Edward explained the ease and lenience of requirements in the hiring process for nurses:

I was trying to apply in other parts of the Middle East like Saudi, Qatar, and Oman but they have several considerations for hiring: the bed capacity of the hospital where you worked, the trainings that you attended and passed, etc. For Libya, there was no examination, no required training. During that time, they really needed nurses, so they initiated mass hiring.

Prior to departure, the interviewees were all aware of the conflict situation in Libya. However, they have been assured by their respective recruitment agents and representatives from Libya that the situation has improved and the workplaces were safe. That assurance, corroborated by the support from the Philippine government, has lessened the perception of risk:

I trust that the Philippine government would not deploy its citizens to unsafe places. They wouldn’t allow us to leave if there are problems [of security] in Libya. (Nelson).

James was also optimistic about the peace and order situation in Libya. He recalls:

We knew that there was war…but also, we knew that the dictatorship of Muammar Gaddafi has come to an end. So we thought it was okay to go there because there was no more dictator. We didn’t think about the eventuality that the supporters and the opposing group would spark another civil war. Then came the ISIS. We didn’t anticipate that.

Diane, meanwhile, summed up what she knew about Libya before going:

What I knew about Libya was that it’s a rich country and it is in North Africa. And also one of the countries that got famous due to the recent unrest.

Lacking a deep understanding of the situations in the destination country, the risk perception of the interviewees was anchored on the assurances provided by the recruiting agents and the Ministry of Libya. They were also aware that government-led repatriation is possible when the situation gets worse. Agents and institutions were apparently trusted, effectively reinforcing the migration of nurses by guaranteeing the financial and physical security of health workers to a well-known conflict zone.

The assumption of a post-war yet violence-free destination prior to migration was confirmed when, upon arrival in 2012 and 2013, they found Libya to be, in the words of Nelson, “peaceful.” Some nurses also felt secure because of the distance of their workplace from the main cities and conflict zones of Libya. Bombings, according to Nelson, only sparked in the early part of 2014. Edward’s observation is worth noting:

It was like an apocalypse.

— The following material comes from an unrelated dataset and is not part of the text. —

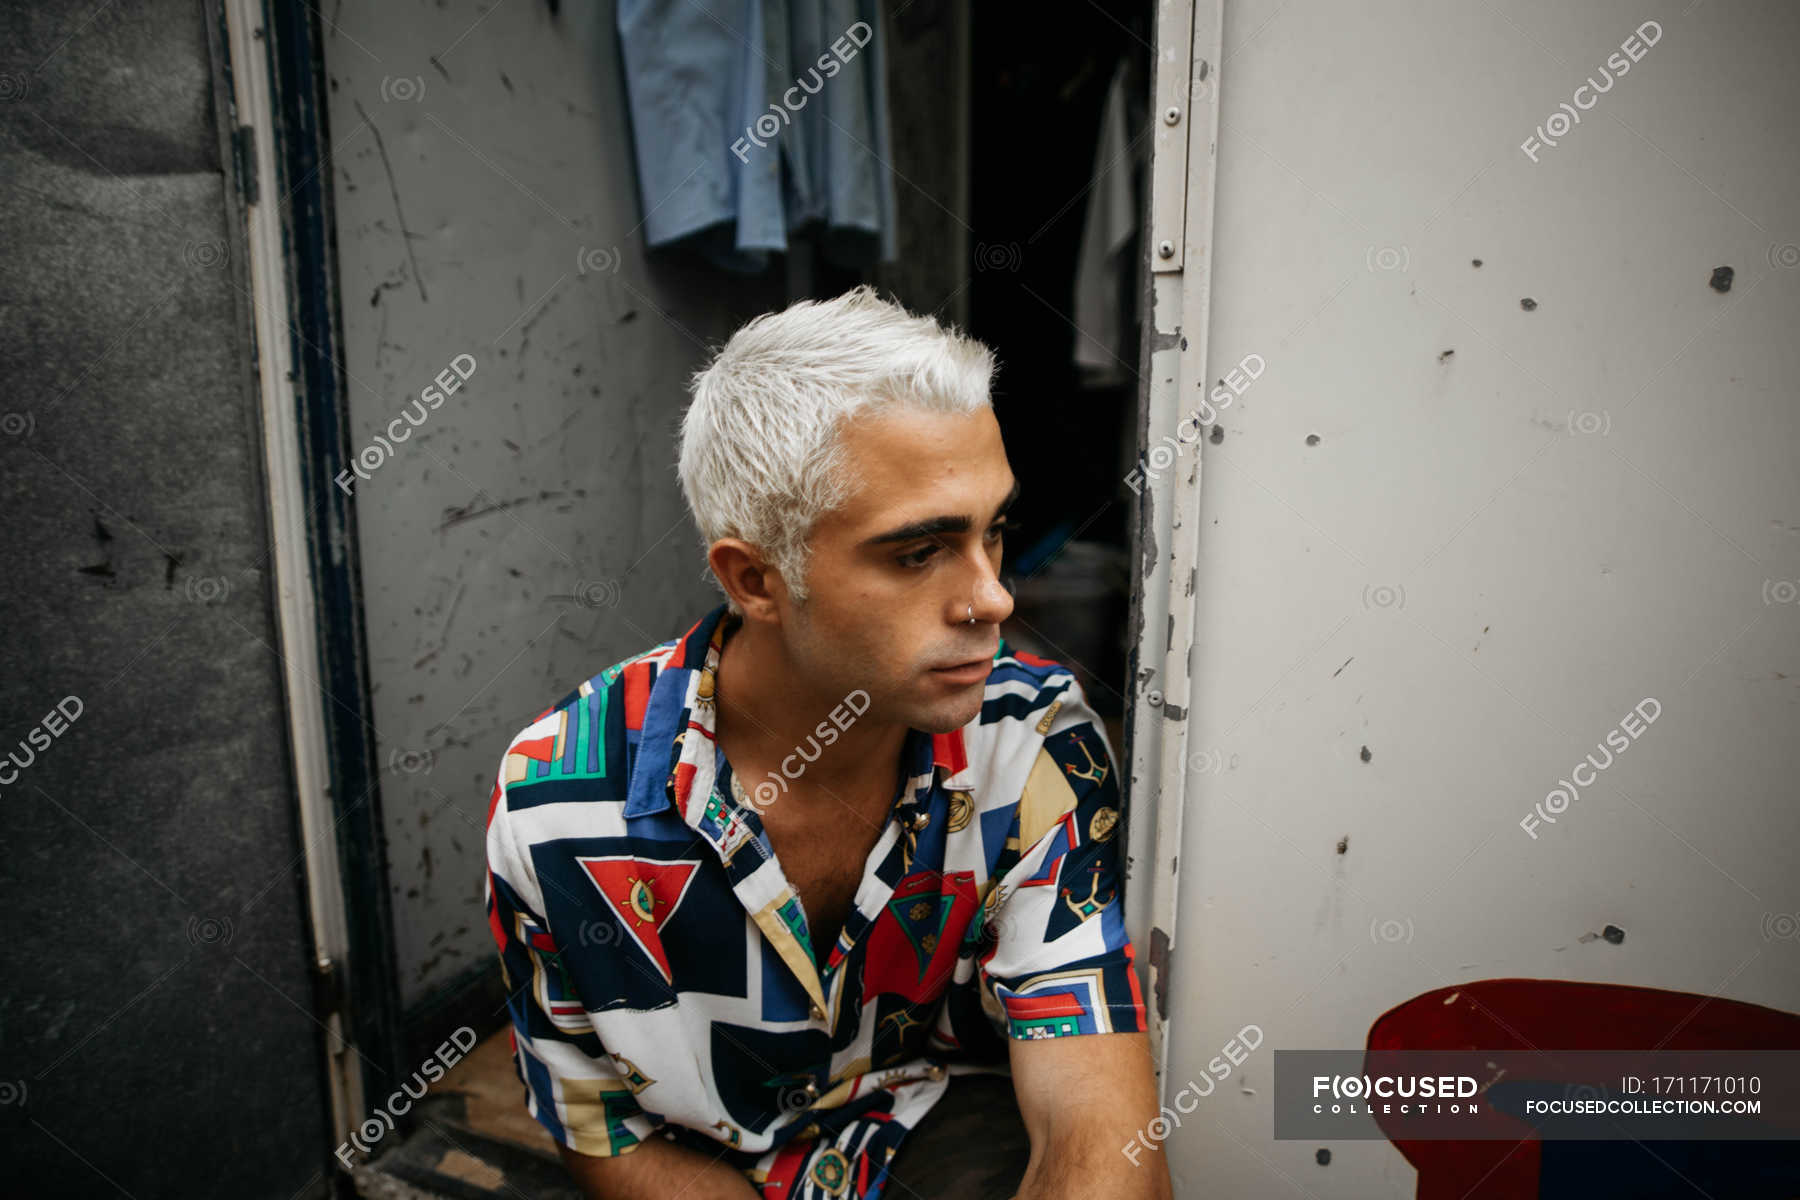 Man with bleached hair looking away — shirt, people - Stock Photo |  #171171010

You wouldn’t see crowded areas. We saw broken (burned) houses. We saw groups of militia and several armed groups. But when we got there, despite the presence of militia, it was peaceful.

Uncertain of what lies ahead of them in this new place, “peaceful” must have come as an assurance that all would be well, unaware of the socio-political undercurrents that might spark the violence anew.

Labor conditions

All the interviewees are in a consensus that they had a good start. The fascination of working abroad and the benefits that came with it gave the initial boost. Accommodation close to their workplaces was provided either for free or with a housing allowance, without any electricity or water bill to pay for. Some were given furniture allowance and individual allowances equivalent to a month’s salary due to delay of the initial monthly salary. And when the entire compensation was given for an entire 6 months, Edward recalls his amazement:

Oh my God, it was a huge amount! It was my first time to have that amount of money. How would I spend it? So we bought all the things that we wanted to buy. I bought a tricycle for my father. I bought a cellphone for myself. The rest, I sent it for the education of my siblings.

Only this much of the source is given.